What is data loading?

Data loading is the process of preparing a batch of examples for a machine learning model to consume. It can include reading data from disk or from an object store like S3 as well as processing that data to get it into a format compatible with the model.

Overlapping data loading and matrix multiplication

Consider training a model with gradient descent. We define the model. We move it to the accelerator. We start a training loop. At each step of the training loop, we load data, move the data to the location of the model, use the model to make a prediction for each example in the batch (the forward pass), compute the gradient of the loss with respect to the model weights for each prediction (the backward pass) and update the model weights using the computed gradients (the optimizer step).

The time to complete a training step is the sum of the time to load data and the time to complete the forward pass, backward pass and the optimizer step. However, we load the data using the CPU and execute the forward pass, the backward pass and the optimizer step on the accelerator. Because these two phases of the training step use different resources, we can overlap them.

In the code below, we benchmark a simulation of data loading overlapped with the forward pass (overlap = True) and a simulation of synchronous data loading (overlap = False). This is an approach similar to the one taken in nanoGPT.

import torch
import torch.nn.functional as F
import time

def main(overlap):
	num_steps = 100
	batch_size = 2**15
	feature_dim = 2**14
	duration_data_loading = 8/1000.
	lr = 0.1

	torch.manual_seed(0)
	device = "cuda" if torch.cuda.is_available() else "cpu"

	# If we used this block of code to simulate data loading,
	# then we wouldn't be able to illustrate overlapping, because
	# this code is executed on the GPU (assuming it's available).
	# If instead we executed this code on the CPU, it would be very
	# slow, because it's both slow to initialize a tensor on a CPU
	# and slow to do matrix multiplication on a CPU.
	w_true = torch.randn(1, feature_dim, device=device)
	X = torch.randn(batch_size, feature_dim, device=device)
	noise = 0.1 * torch.randn(batch_size, 1, device=device)
	y = X @ w_true.T + noise

	model = torch.nn.Linear(feature_dim, 1, bias=False)
	model = model.to(device)

	optimizer = torch.optim.SGD(model.parameters(), lr)

	sum_duration = 0
	sum_duration_non_data_loading = 0
	for step in range(num_steps):
		start_time = time.time()

		if overlap:
 			# We first execute the forward pass using a previously prepared batch
 			# on the GPU. This work does not block the CPU. During the forward pass
 			# on the GPU, the CPU continues on to preparing the next batch
 			# and moving it to the GPU, which we simulate with the sleep command.
 			# In this way, we overlap data loading on the CPU with matrix multiplication
 			# on the GPU.
			yhat = model(X)
			loss = F.mse_loss(yhat, y)

			# CPU work to simulate data loading.
			time.sleep(duration_data_loading)

			loss.backward()
			optimizer.step()
			optimizer.zero_grad()
			# Block until the GPU work is done.
			# We could also just print the loss here.
			torch.cuda.synchronize() 
		else:
			# CPU work to simulate data loading.
			time.sleep(duration_data_loading)

			start_time_non_data_loading = time.time()
			optimizer.zero_grad()
			yhat = model(X)
			loss = F.mse_loss(yhat, y)
			loss.backward()
			optimizer.step()
			# Block until the GPU work is done.
			# We could also just print the loss here.
			torch.cuda.synchronize()
			duration_non_data_loading += time.time() - start_time_non_data_loading

		sum_duration += time.time() - start_time

	print(f"Step time (ms) with overlap {overlap}: {1000*sum_duration/num_steps:.0f}")
	if not overlap:
		print(f"Non-data loading time (ms) with overlap {overlap}: {1000*sum_duration_non_data_loading/num_steps:.0f}")

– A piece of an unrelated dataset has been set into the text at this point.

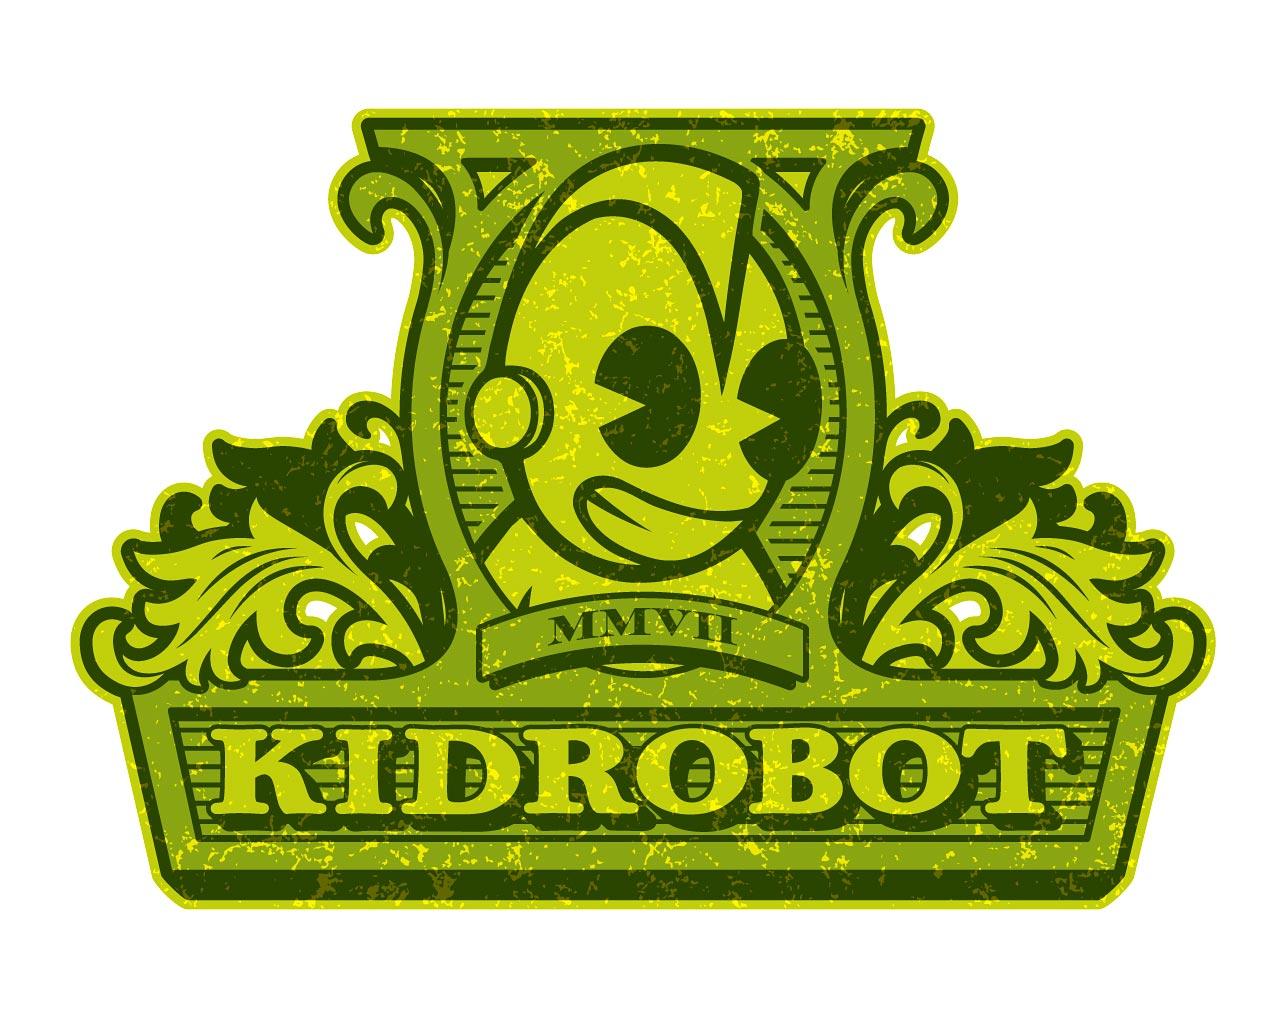 Kid Robot   Vinyl Toys Wallpaper 523642 1280x1024

if __name__ == "__main__":
	main(True)
	main(False)

Running it in a Colab with a T4 GPU yields:

Step time (ms) with overlap True: 17
Step time (ms) with overlap False: 24
Non-data loading time (ms) with overlap False: 16

The step time without overlapping is 24ms, or the sum of the data loading time (8ms) and the non-data loading time (16ms). The step time with overlapping is 17ms, which is almost equal to the non-data loading time, because most of the data loading work happens during the forward pass. As a point of comparison for these times, multiplying two 3000x3000 matrices takes ~14ms in JAX (source).

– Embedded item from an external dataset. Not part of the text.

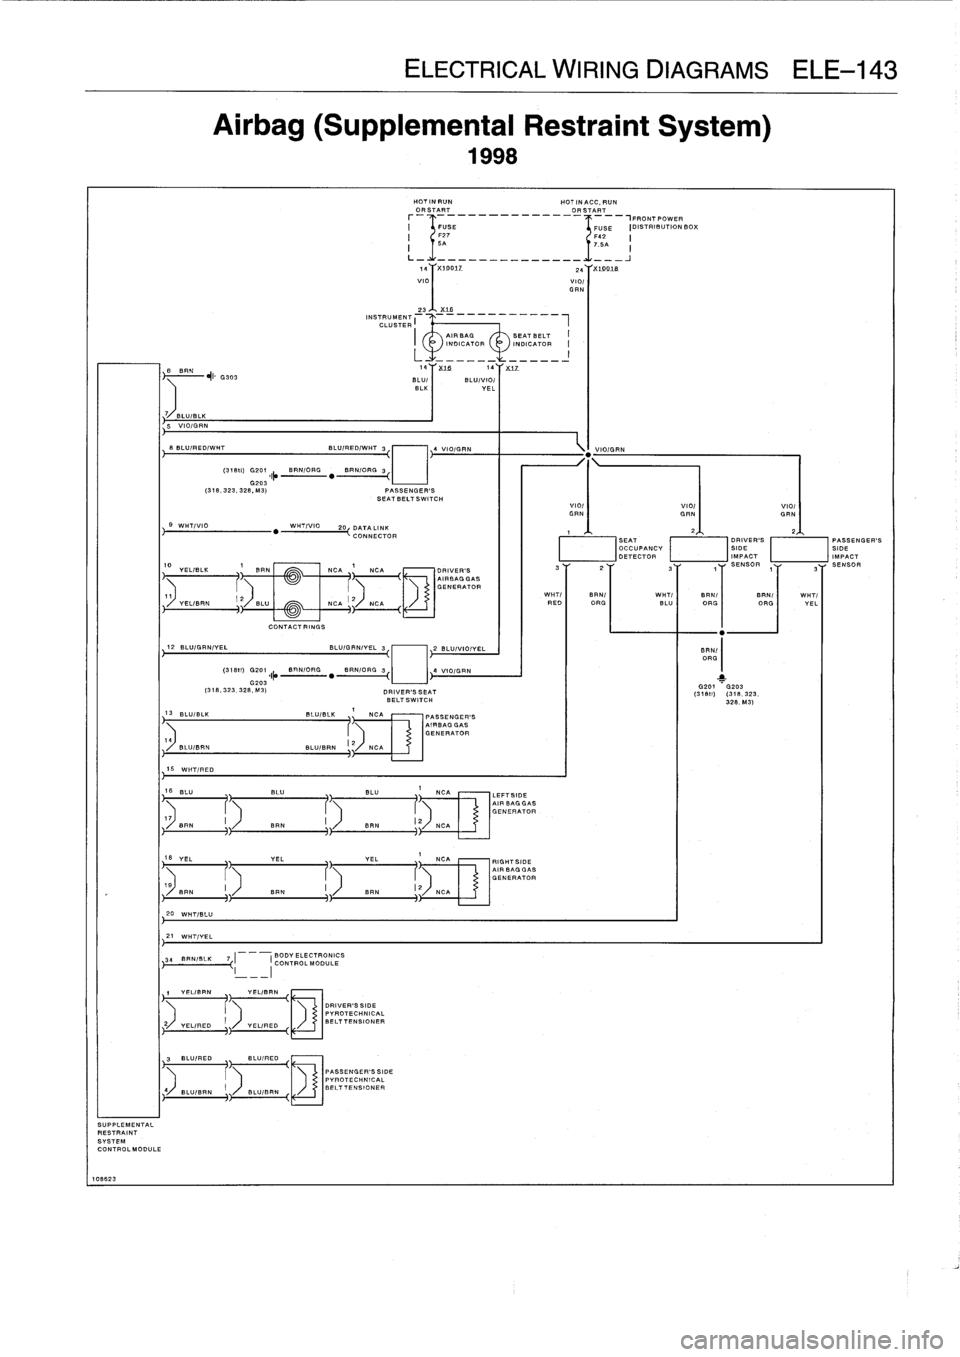 Bmw M3 1992 E36 Workshop Manual Airbag Wiring Diagram

PyTorch's Dataset and DataLoader

Some functionality related to data loading appears in a lot of different applications. For example, many applications require batching, i.e., grouping individual examples together so that they can be processed by the model together. PyTorch provides the torch.utils.data.DataLoader class to implement some of this common functionality. At a minimum, the DataLoader is initialized with an instance of a torch.utils.data.Dataset. We can also specify the batch size at initialization. We can then iterate through the resulting DataLoader object.1 At each iteration, we get a batch of examples.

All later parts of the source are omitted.